In the Third Phase of the progress, we train AI to assess the quality of human review reports and add complementary notes. Some models are already doing this, with some levels of consistency and accuracy. In this Phase, the authors respond to the human reviewers’ comments. And editors make decisions based on human reviewers’ comments and recommendations, and AI’s notes. In the Fourth Phase, journals engage AI as one of the reviewers of a manuscript, and the authors respond to both human and AI reviewers. Tools, such as ResearchAdvisor and a neural network-based one are currently available to serve as an ‘AI reviewer’, but all show varied levels of limitations, demanding more research in this sector. Nevertheless, once we are in this Phase, at least one human reviewer and the AI reviewer should check a revised manuscript. The editors make decisions based on all reviewers’ comments and recommendations. The Fifth Phase of the evolution happens when AI becomes the sole reviewer of a submission, authors respond to its comments, and AI also comments on the revised manuscript. Editors do the final reading of the revised manuscript considering the AI’s final comments, and make their decisions.

The above sequence may seem to be obvious and straightforward, but I feel there is a need to talk about such obviousness in the publishing ecosystem. I sometimes find the publishing industry, being led and guided by individuals and entities from a wide range of sectors, focuses too much on hardcore technological innovations.

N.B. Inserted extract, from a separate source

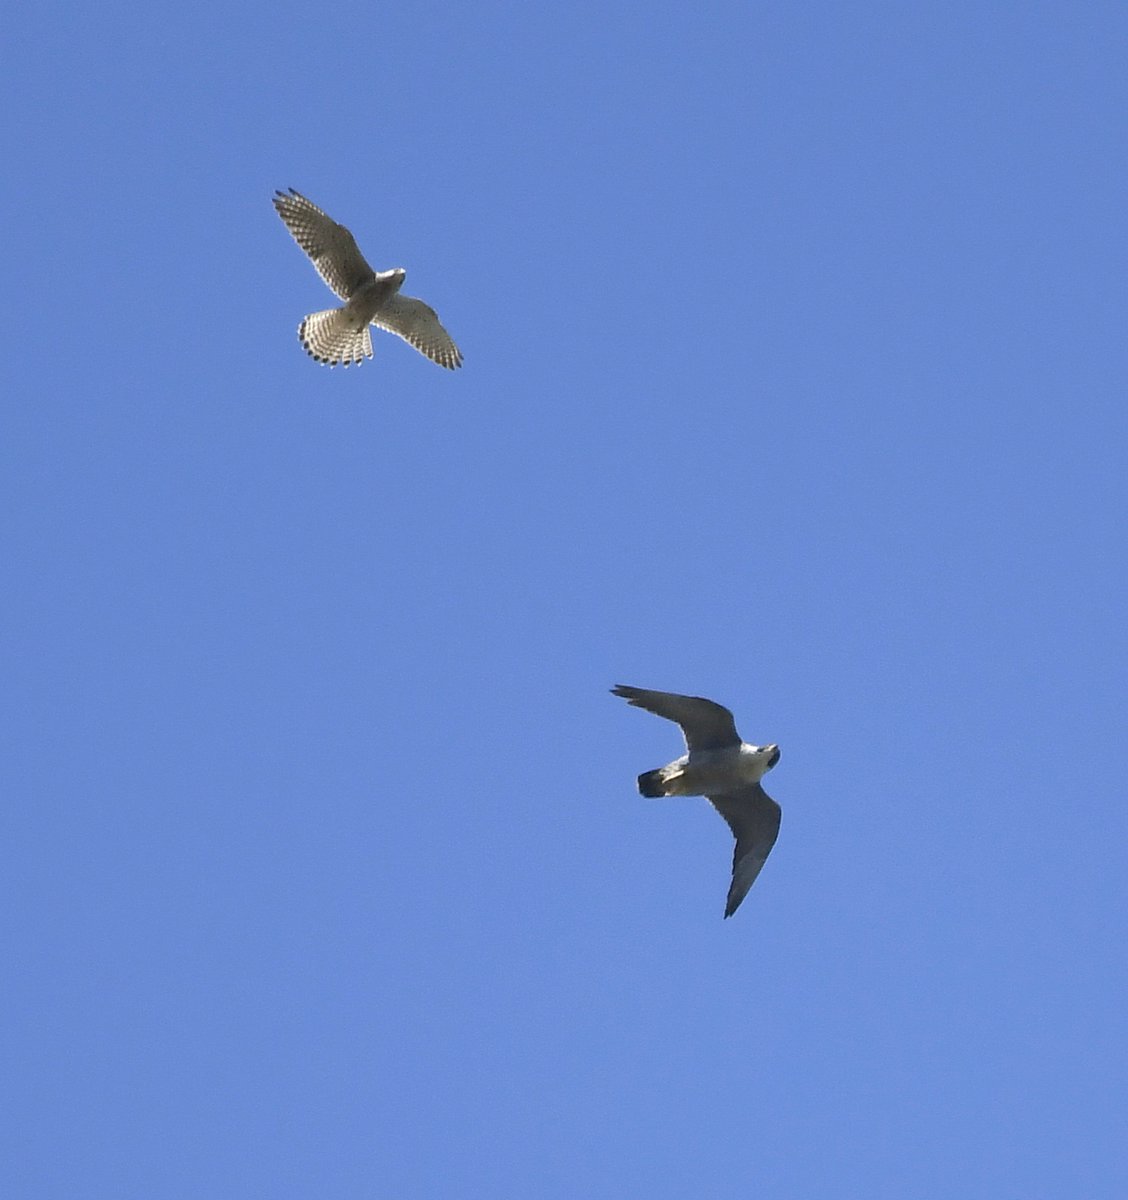 22 and 23. Peregrine Falcon & Kestrel Having a lazy moment laying on my swing-seat looking at the sky yesterday, when I saw this drama playing out between Falcons, very high above! The Kestrel (smaller bird) kept mobbing the Peregrine! Wonderful! #LockdownGardenBirdsSeen

It gives less attention to the scaling up of these technologies in diverse social-cultural-political systems, which are made up of humans with millions of combinations of knowledge and capabilities, preferences and prejudices, perspectives and attitudes, and integrity and morality. We often don’t put in sufficient time and effort to prepare such human systems for technological innovations. That’s why the publishing sky seems like relentlessly displaying meteor shower of innovations. Innovations awards given away by publishing societies and entities underscore that too.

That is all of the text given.